▶ [Your instructions]: Look in the listing below for the line that has "Gallery Canvas Wraps, Square", then return it and each following line up to and including the one with "Happy Birthday Denaya", exactly and without pictures.

▶ [Data to use]:
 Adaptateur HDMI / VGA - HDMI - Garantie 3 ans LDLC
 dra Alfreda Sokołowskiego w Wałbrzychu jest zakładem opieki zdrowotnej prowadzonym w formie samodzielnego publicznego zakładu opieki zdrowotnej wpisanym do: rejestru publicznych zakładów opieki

* * *

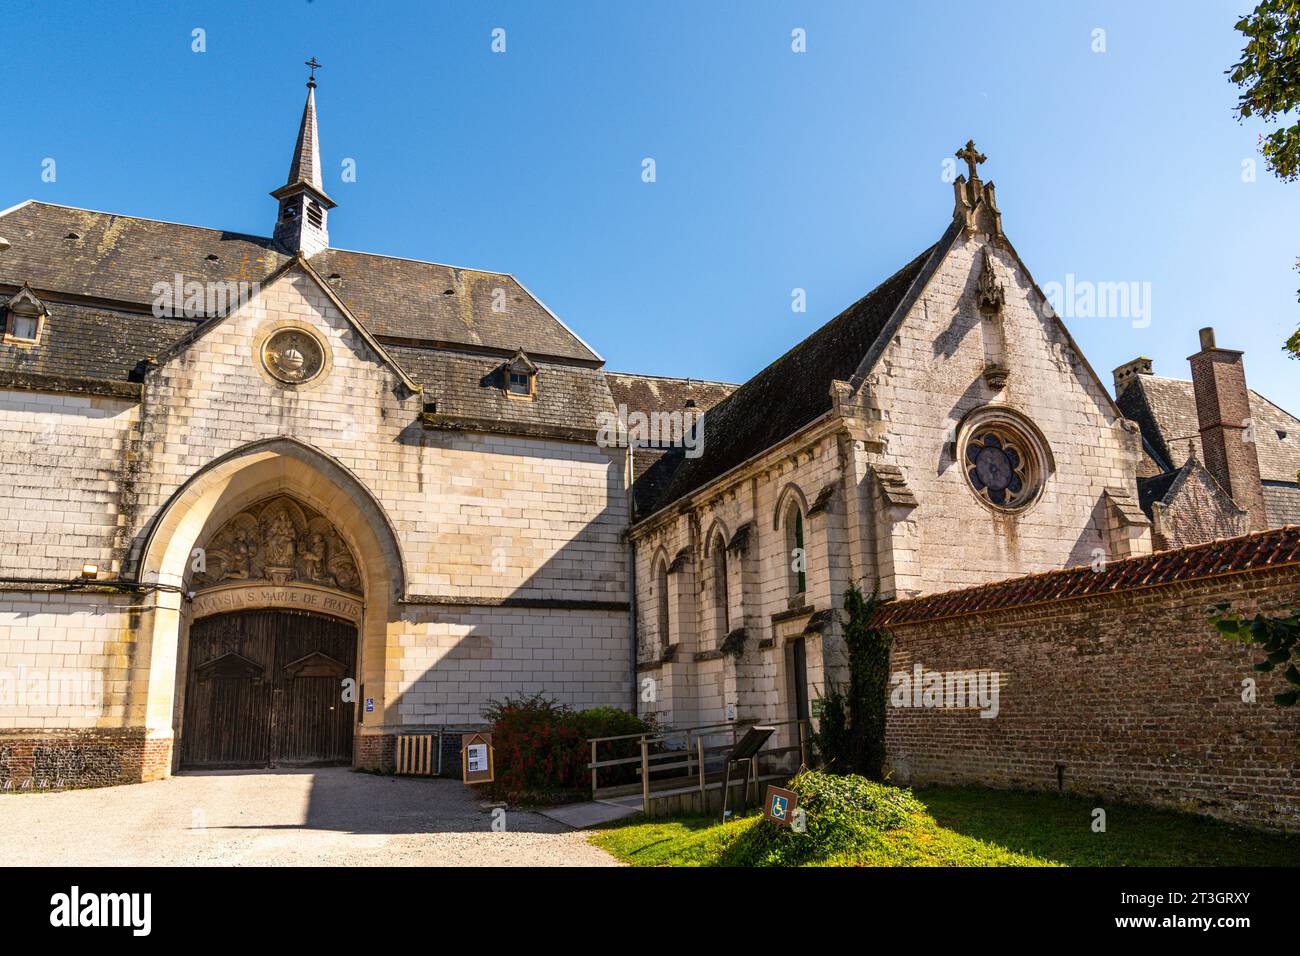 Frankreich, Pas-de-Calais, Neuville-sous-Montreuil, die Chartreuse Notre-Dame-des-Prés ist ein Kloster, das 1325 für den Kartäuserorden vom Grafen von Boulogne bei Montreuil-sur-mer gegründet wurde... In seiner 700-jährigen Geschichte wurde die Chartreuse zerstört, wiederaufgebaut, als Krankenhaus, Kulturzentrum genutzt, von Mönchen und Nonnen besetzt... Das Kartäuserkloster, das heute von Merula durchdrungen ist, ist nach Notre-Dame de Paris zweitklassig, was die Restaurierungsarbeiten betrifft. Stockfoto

---

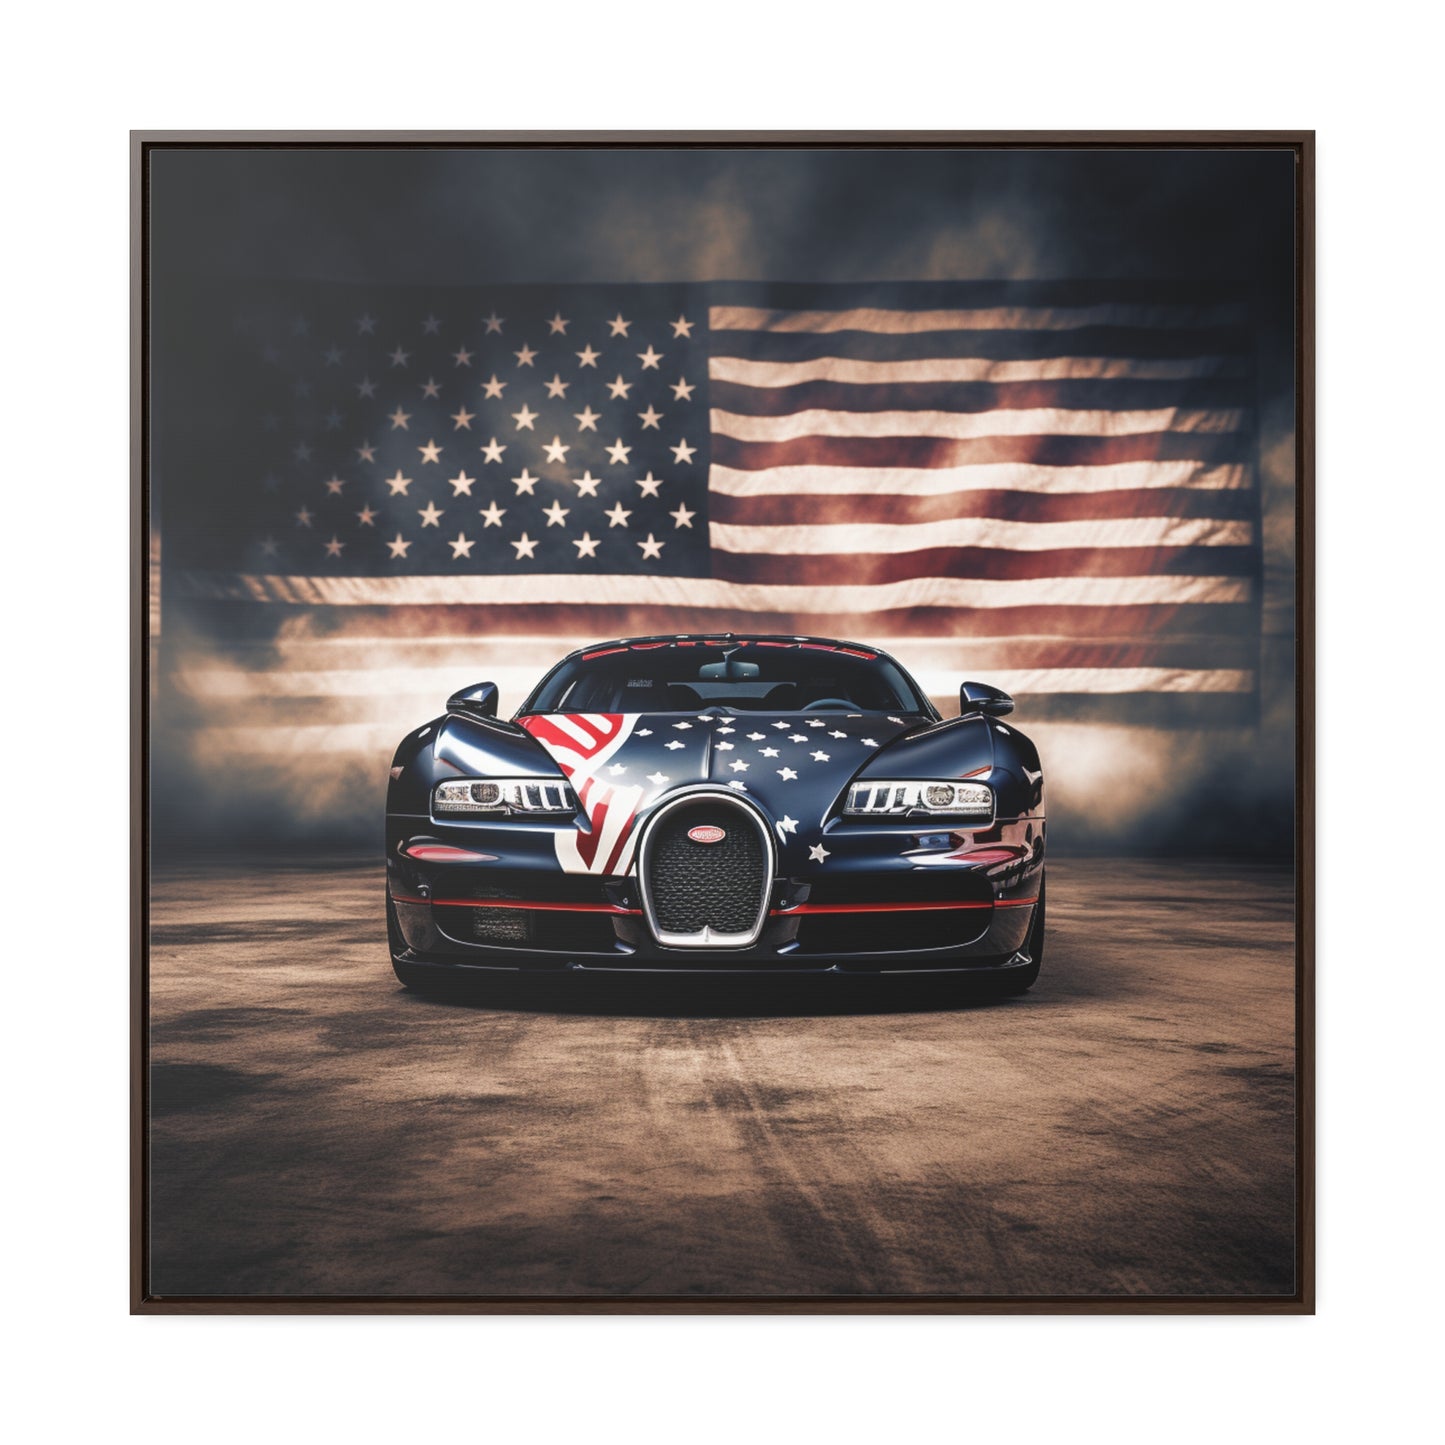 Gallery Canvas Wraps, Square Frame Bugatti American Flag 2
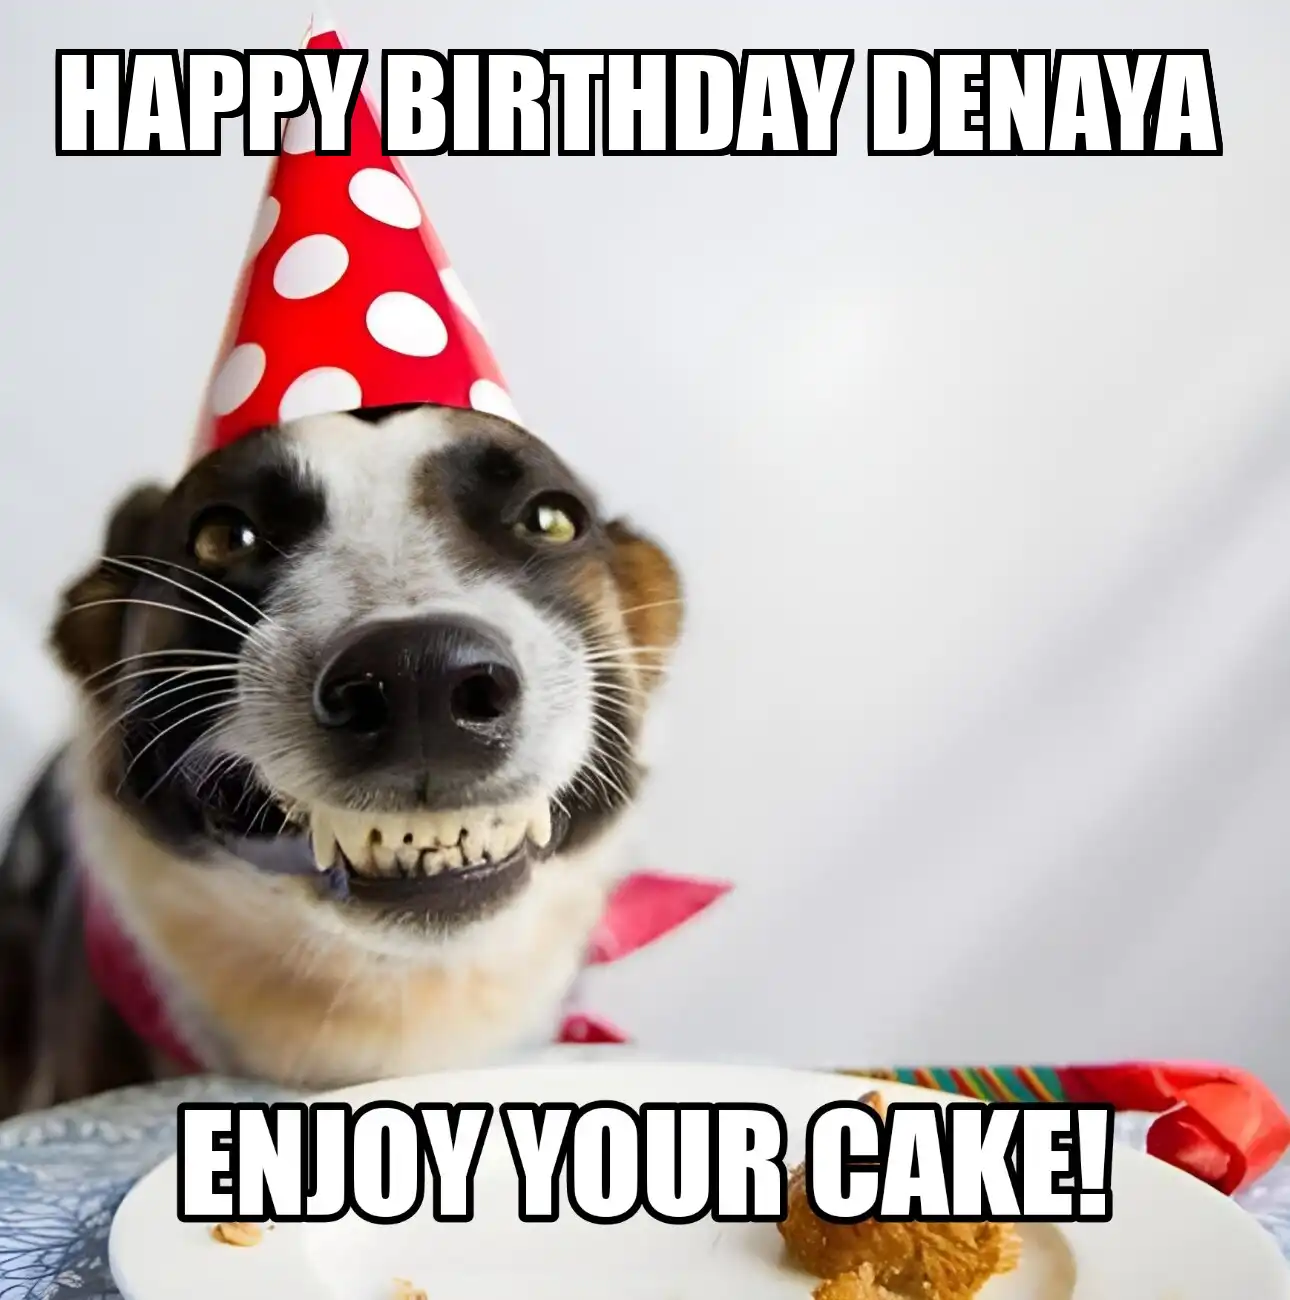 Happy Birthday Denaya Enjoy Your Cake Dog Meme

▶ [Result]:
 Gallery Canvas Wraps, Square Frame Bugatti American Flag 2
 Happy Birthday Denaya Enjoy Your Cake Dog Meme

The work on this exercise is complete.